If I said the words "show off" and "jealous" I think I'd be speaking for nearly everyone on here! Are you still working on developing the mite phase or do you have a newer project we all will be admiring in the not too distant future?


----------



## Murph_BTK (Aug 15, 2016)

I will sell my kidneys, liver and 1st, 2nd and 3rd born for one of these..


----------



## Waterrat (Aug 15, 2016)

Keep your body parts, and don't be jealous guys, it's only a hobby! lol I am not working on anything, just letting my snakes do what snakes do ... once a year.

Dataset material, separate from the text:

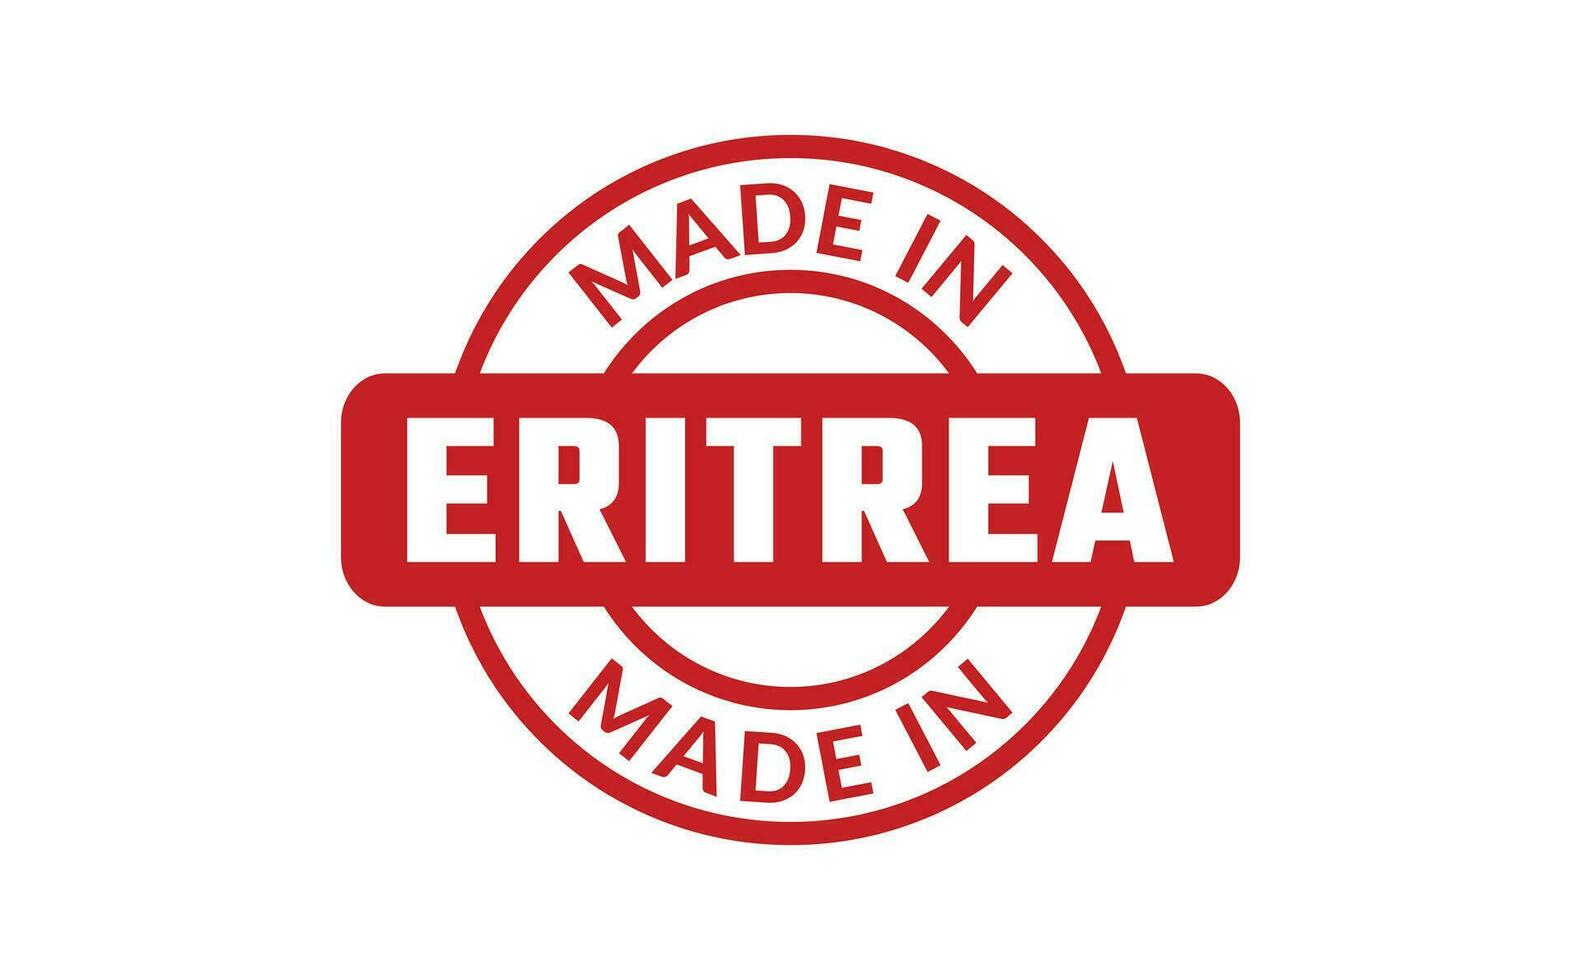 tillverkad i eritrea sudd stämpel vektor
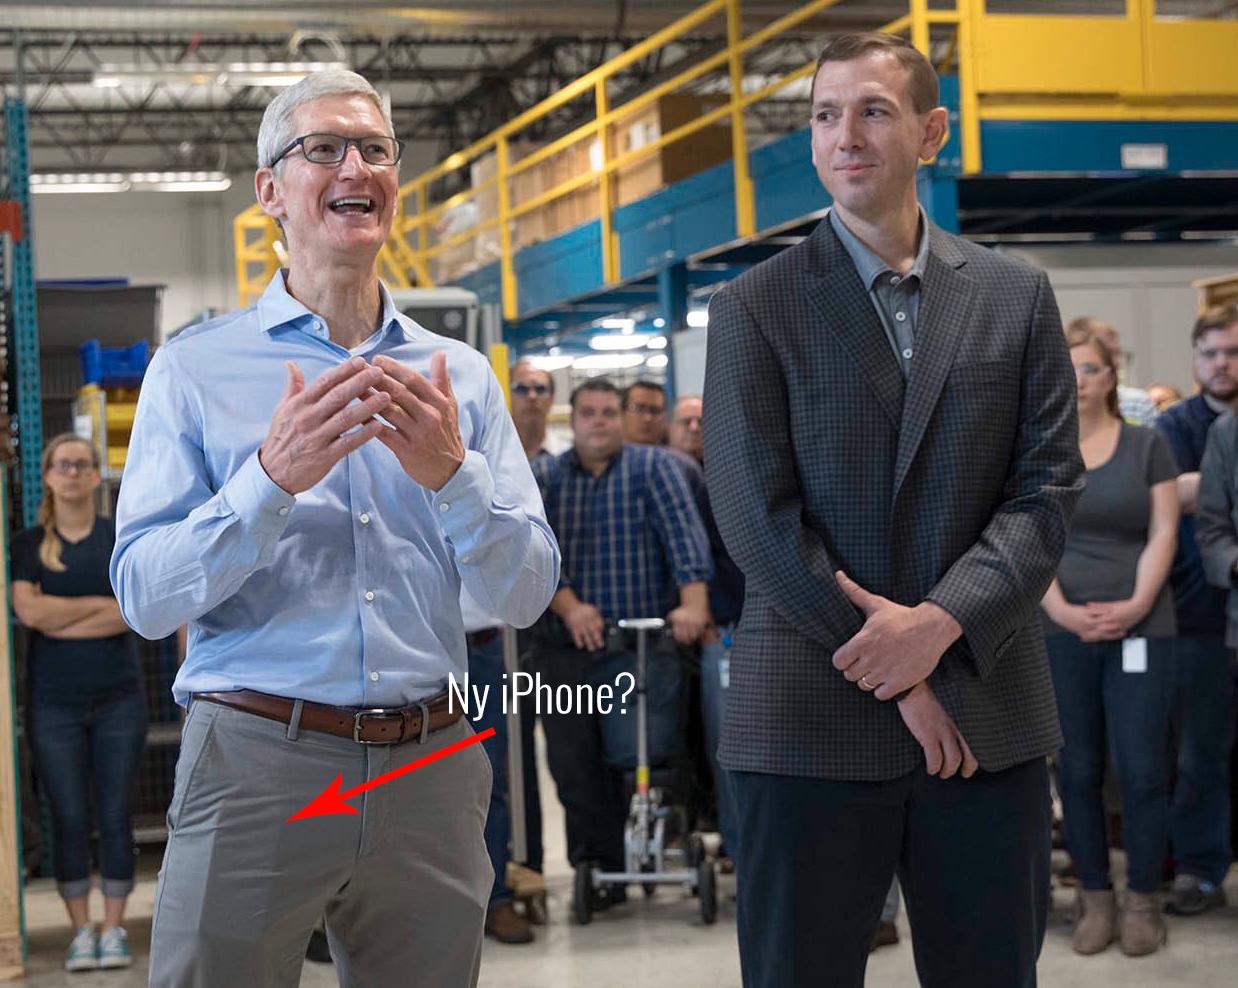 Apropos lengde. Er ikke gjenstanden Tim Cook har i høyrelommen litt vel lang til en iPhone 7 å være? Bildet er tatt denne uken. Bruker han allerede en av de nye telefonene, kanskje?

Sometimes they turn up a magic. It will take another two years before these two (and their siblings) will reproduce .... I may be dead by then. 

cheers
Michael


----------



## SKYWLKR (Aug 15, 2016)

Probably an unanswerable question but..... Out of all the GTPs you've had since day one, have you ever had a favorite? (If so, why?)


----------



## Waterrat (Aug 16, 2016)

SKYWLKR said:


> Probably an unanswerable question but..... Out of all the GTPs you've had since day one, have you ever had a favorite? (If so, why?)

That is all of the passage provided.